The morning of Saturday the 27th of June saw us saying goodbye to Rod and Lynne as they headed off to Proserpine Airport to catch a plane back to Brisbane.  It was wonderful to have them aboard for nearly four weeks to share the experience as we journeyed up the coast.  Eli has certainly missed them these past few days since they left.

Having waited another few days in Airlie Beach for the wind to drop below 20 knots, today we set off for Gloucester Island near Bowen.  After departing from Abell Point Marina we noticed squalls approaching from the East.  Although we only had 5-10 knots of wind, we erred on the side of caution and only hoisted a single-reefed mainsail for the time being.  As the squall approached, the wind increased slightly to 15 knots and then rapidly increased.  Geoff initially steered us downwind to run with it but as the wind built to over 30 knots we quickly luffed up into the wind as the strongest burst hit us.  Lasting around 25 – 30 seconds this burst of wind peaked at 44.4 knots (82 km/hr) as the rain started.  We later noticed on the instruments that our peak boat speed hit 10 knots as we were running, and that the air temperature dropped from 23.5 degrees to 19 degrees.
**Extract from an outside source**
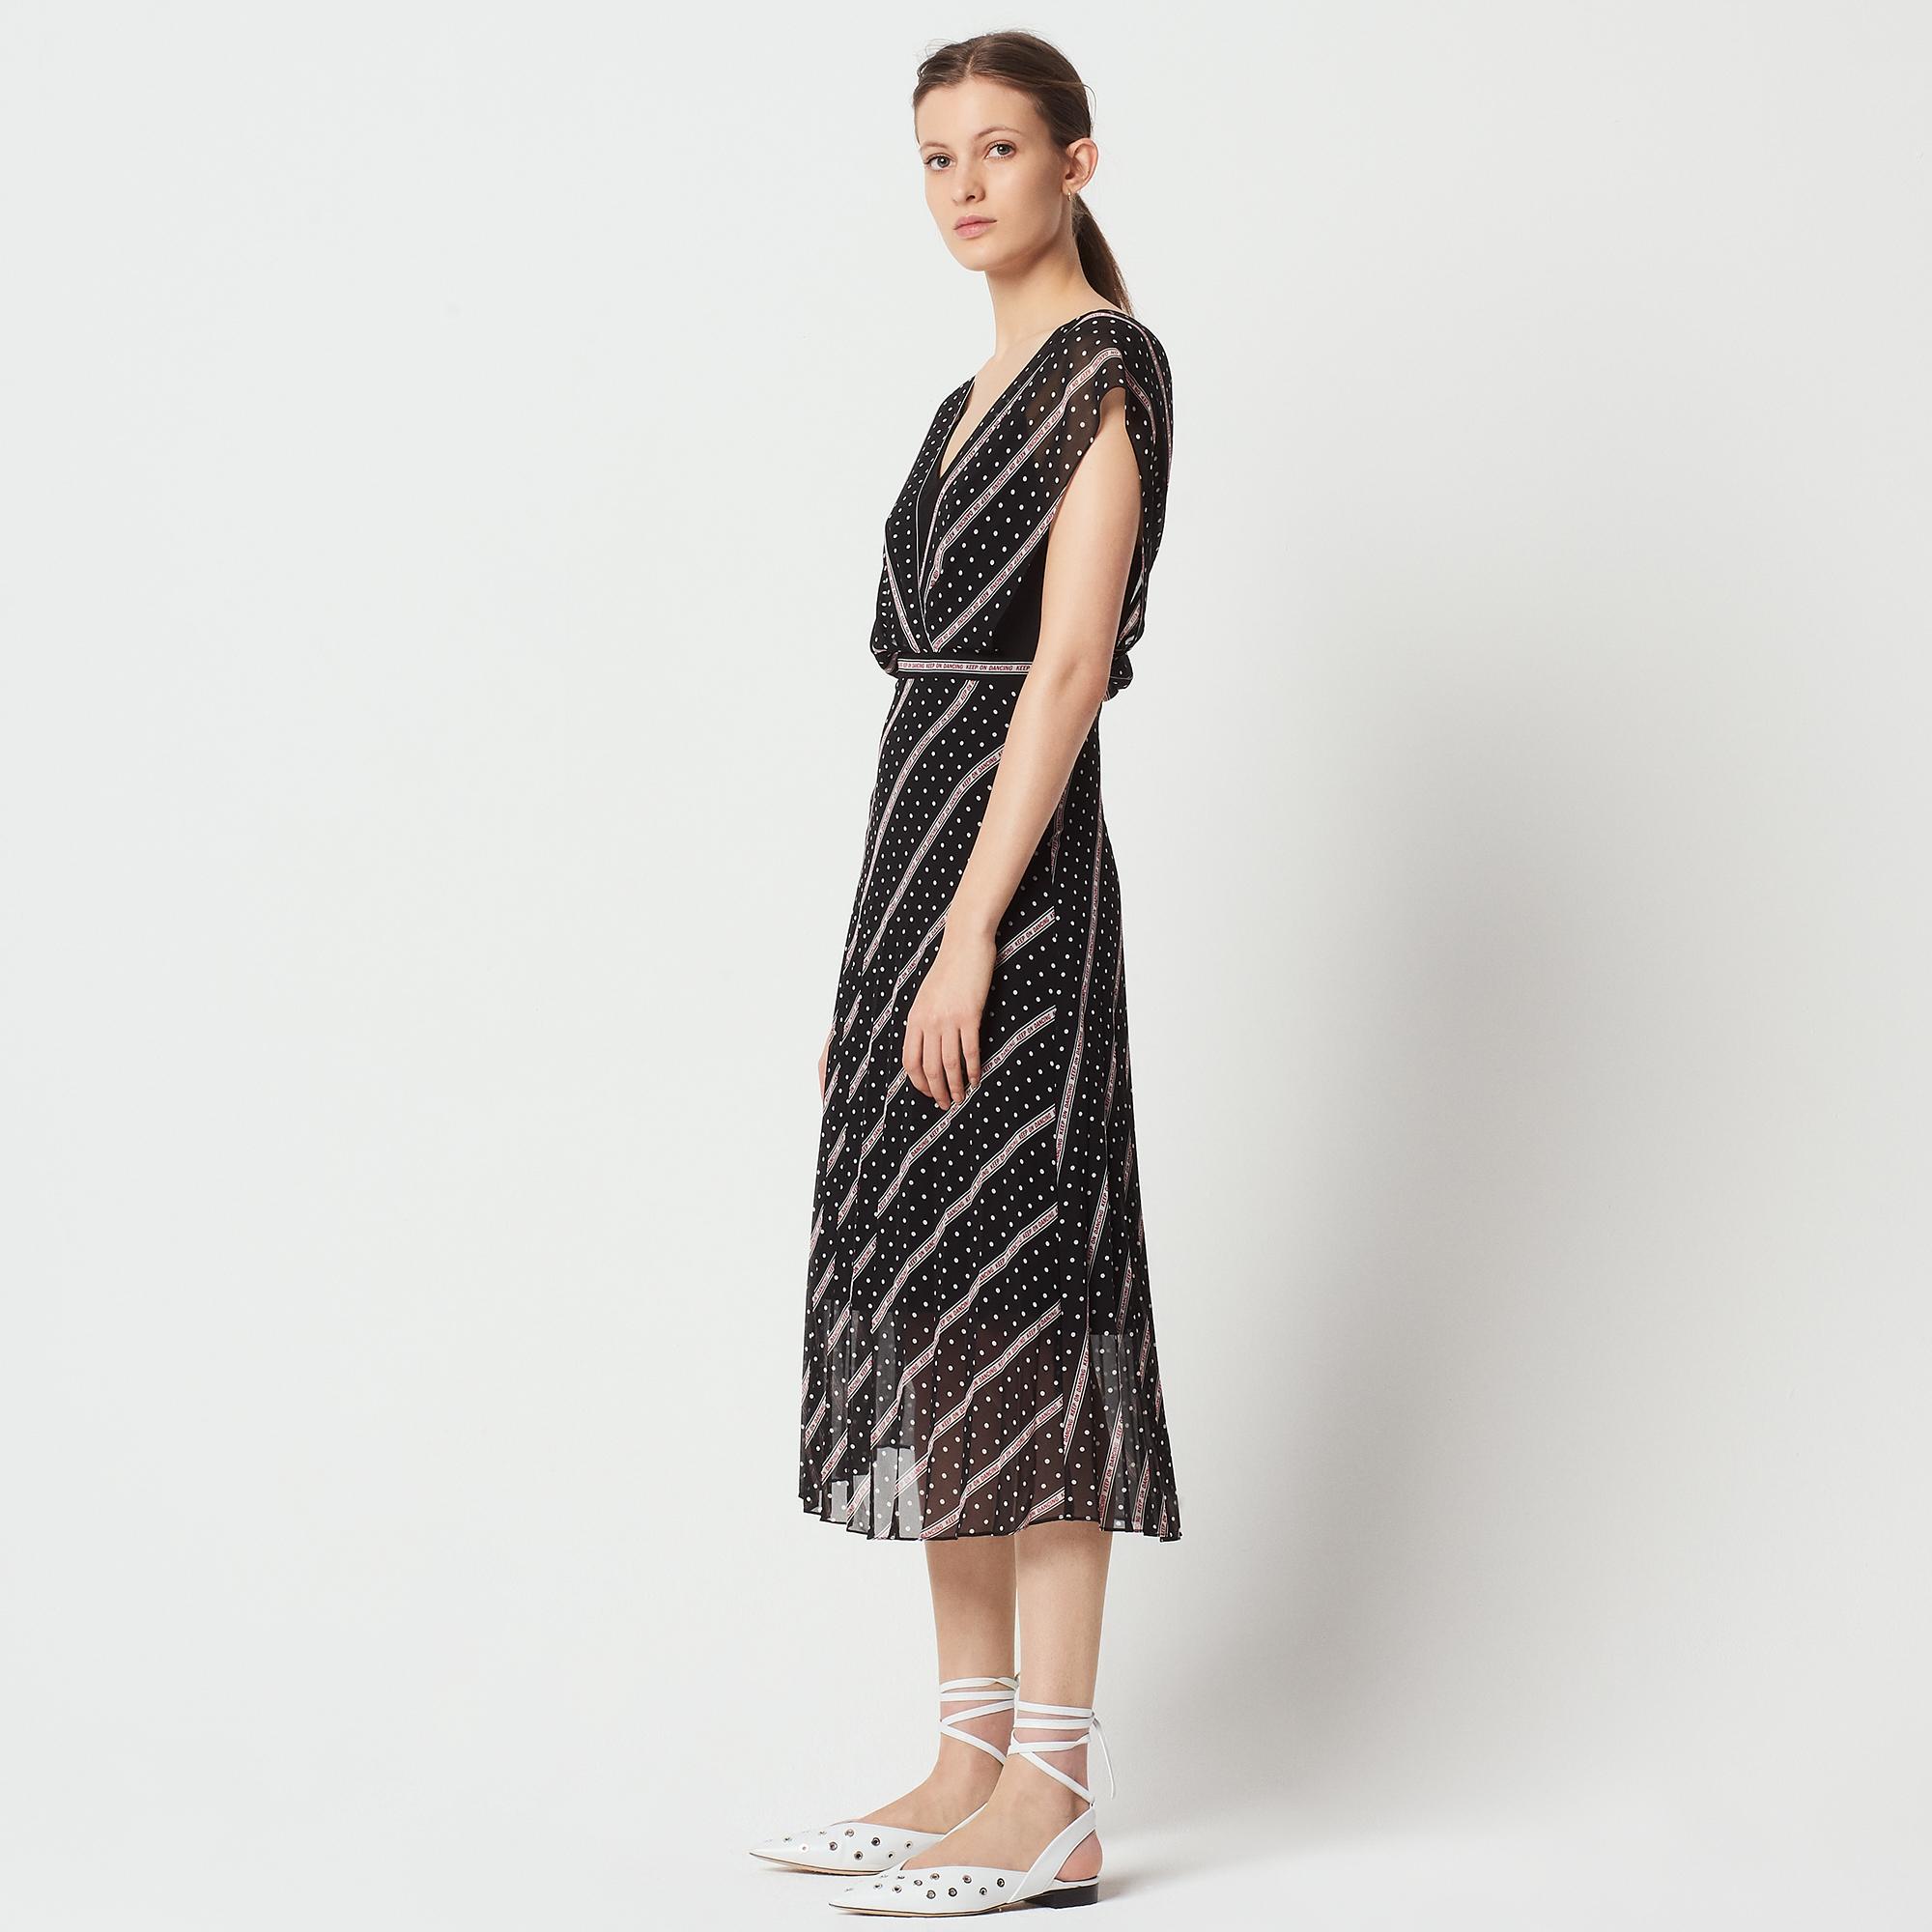 ac6590f987b ... Keep on Dancing long printed dress   Dresses color Black ...

The rest of the day was rather uneventful as we made our way toward Gloucester Island, went through the passage and headed south to anchor in Sinclair Bay in the south-east corner of Edgecumbe Bay.  As often happens, the wind tends to swing to the south a little overnight so this should afford us a bit more protection should that happen.  Tomorrow we will be making for Cape Upstart which will take us past the contentious Abbot Point coal loading facility.

 

Posted from Cape Gloucester, Queensland, Australia.